'''

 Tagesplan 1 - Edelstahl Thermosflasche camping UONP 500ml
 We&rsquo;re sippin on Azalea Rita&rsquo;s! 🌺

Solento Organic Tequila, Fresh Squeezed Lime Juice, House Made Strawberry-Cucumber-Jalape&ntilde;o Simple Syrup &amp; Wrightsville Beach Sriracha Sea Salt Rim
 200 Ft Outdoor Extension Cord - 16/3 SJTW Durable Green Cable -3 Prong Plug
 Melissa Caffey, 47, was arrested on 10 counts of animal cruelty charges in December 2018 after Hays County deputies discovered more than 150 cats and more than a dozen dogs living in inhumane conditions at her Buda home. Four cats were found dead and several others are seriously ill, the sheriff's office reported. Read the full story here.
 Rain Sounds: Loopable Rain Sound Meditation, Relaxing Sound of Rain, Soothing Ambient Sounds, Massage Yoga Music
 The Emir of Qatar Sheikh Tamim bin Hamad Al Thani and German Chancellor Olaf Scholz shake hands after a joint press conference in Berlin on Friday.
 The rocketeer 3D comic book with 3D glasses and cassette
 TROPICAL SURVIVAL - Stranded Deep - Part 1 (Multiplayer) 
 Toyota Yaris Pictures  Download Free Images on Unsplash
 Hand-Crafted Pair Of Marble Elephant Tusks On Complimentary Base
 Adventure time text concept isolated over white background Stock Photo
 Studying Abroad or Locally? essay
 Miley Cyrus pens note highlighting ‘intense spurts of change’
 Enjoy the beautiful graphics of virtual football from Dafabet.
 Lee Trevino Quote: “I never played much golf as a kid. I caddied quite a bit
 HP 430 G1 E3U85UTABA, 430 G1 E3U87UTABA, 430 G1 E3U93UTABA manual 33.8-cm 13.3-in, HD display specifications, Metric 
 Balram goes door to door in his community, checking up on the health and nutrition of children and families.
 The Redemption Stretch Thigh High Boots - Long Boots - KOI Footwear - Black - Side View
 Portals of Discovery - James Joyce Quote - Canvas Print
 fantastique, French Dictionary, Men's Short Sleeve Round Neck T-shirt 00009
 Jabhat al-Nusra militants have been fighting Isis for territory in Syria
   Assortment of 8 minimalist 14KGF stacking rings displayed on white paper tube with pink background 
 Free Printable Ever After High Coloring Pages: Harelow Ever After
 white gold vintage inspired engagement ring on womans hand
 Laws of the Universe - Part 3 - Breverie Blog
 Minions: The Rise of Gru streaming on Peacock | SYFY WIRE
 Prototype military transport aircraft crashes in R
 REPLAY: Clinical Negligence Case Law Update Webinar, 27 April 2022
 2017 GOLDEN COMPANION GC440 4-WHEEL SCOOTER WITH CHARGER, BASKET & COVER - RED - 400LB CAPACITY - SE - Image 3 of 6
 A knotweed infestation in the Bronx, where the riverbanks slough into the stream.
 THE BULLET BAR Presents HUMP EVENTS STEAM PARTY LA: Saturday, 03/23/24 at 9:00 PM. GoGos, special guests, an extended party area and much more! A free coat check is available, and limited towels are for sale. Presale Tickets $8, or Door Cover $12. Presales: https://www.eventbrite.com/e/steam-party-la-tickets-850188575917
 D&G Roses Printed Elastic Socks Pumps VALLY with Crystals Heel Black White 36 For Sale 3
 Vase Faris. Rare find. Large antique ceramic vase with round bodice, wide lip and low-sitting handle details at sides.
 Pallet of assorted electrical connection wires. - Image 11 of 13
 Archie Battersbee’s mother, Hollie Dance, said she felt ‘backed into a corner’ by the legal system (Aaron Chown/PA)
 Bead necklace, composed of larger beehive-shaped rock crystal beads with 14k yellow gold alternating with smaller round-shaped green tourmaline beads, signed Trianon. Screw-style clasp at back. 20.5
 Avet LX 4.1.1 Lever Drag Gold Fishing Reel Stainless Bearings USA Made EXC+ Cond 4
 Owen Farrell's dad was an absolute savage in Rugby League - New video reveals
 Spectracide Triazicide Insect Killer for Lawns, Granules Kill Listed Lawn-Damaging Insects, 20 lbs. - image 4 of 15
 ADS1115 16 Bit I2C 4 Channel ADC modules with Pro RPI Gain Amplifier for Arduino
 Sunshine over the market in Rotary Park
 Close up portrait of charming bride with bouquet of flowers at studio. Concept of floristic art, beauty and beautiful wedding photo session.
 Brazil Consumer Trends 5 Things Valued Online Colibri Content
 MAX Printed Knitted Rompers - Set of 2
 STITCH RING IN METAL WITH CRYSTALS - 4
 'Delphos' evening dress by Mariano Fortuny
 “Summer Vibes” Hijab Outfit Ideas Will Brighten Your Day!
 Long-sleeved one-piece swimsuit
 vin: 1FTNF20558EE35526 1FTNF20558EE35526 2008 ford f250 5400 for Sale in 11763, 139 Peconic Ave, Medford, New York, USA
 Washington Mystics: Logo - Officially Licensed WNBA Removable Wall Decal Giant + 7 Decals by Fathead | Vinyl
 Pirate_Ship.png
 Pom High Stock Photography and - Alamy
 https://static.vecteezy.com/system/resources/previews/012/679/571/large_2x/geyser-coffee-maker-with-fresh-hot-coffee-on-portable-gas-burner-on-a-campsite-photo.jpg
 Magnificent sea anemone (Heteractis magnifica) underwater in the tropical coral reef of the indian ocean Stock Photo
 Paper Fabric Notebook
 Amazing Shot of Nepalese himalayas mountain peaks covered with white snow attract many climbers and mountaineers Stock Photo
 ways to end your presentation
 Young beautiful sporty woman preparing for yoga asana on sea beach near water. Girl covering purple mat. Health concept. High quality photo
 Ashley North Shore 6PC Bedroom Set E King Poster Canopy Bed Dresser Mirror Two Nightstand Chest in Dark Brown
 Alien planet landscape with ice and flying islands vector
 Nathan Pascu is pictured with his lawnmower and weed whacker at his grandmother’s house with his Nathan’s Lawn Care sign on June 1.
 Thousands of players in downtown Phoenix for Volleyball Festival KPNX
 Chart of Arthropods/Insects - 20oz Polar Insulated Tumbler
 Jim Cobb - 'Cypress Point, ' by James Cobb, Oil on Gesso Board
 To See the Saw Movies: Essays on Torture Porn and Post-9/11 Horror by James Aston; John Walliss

'''

# EXERCISE PROMPT
Above are the records; from them, give again exactly the lines from the one containing "Minions: The Rise" to the one containing "STITCH RING IN METAL WITH CRYSTALS - 4", both lines included, and nothing more.

# OUTPUT FOR THIS TASK
 Minions: The Rise of Gru streaming on Peacock | SYFY WIRE
 Prototype military transport aircraft crashes in R
 REPLAY: Clinical Negligence Case Law Update Webinar, 27 April 2022
 2017 GOLDEN COMPANION GC440 4-WHEEL SCOOTER WITH CHARGER, BASKET & COVER - RED - 400LB CAPACITY - SE - Image 3 of 6
 A knotweed infestation in the Bronx, where the riverbanks slough into the stream.
 THE BULLET BAR Presents HUMP EVENTS STEAM PARTY LA: Saturday, 03/23/24 at 9:00 PM. GoGos, special guests, an extended party area and much more! A free coat check is available, and limited towels are for sale. Presale Tickets $8, or Door Cover $12. Presales: https://www.eventbrite.com/e/steam-party-la-tickets-850188575917
 D&G Roses Printed Elastic Socks Pumps VALLY with Crystals Heel Black White 36 For Sale 3
 Vase Faris. Rare find. Large antique ceramic vase with round bodice, wide lip and low-sitting handle details at sides.
 Pallet of assorted electrical connection wires. - Image 11 of 13
 Archie Battersbee’s mother, Hollie Dance, said she felt ‘backed into a corner’ by the legal system (Aaron Chown/PA)
 Bead necklace, composed of larger beehive-shaped rock crystal beads with 14k yellow gold alternating with smaller round-shaped green tourmaline beads, signed Trianon. Screw-style clasp at back. 20.5
 Avet LX 4.1.1 Lever Drag Gold Fishing Reel Stainless Bearings USA Made EXC+ Cond 4
 Owen Farrell's dad was an absolute savage in Rugby League - New video reveals
 Spectracide Triazicide Insect Killer for Lawns, Granules Kill Listed Lawn-Damaging Insects, 20 lbs. - image 4 of 15
 ADS1115 16 Bit I2C 4 Channel ADC modules with Pro RPI Gain Amplifier for Arduino
 Sunshine over the market in Rotary Park
 Close up portrait of charming bride with bouquet of flowers at studio. Concept of floristic art, beauty and beautiful wedding photo session.
 Brazil Consumer Trends 5 Things Valued Online Colibri Content
 MAX Printed Knitted Rompers - Set of 2
 STITCH RING IN METAL WITH CRYSTALS - 4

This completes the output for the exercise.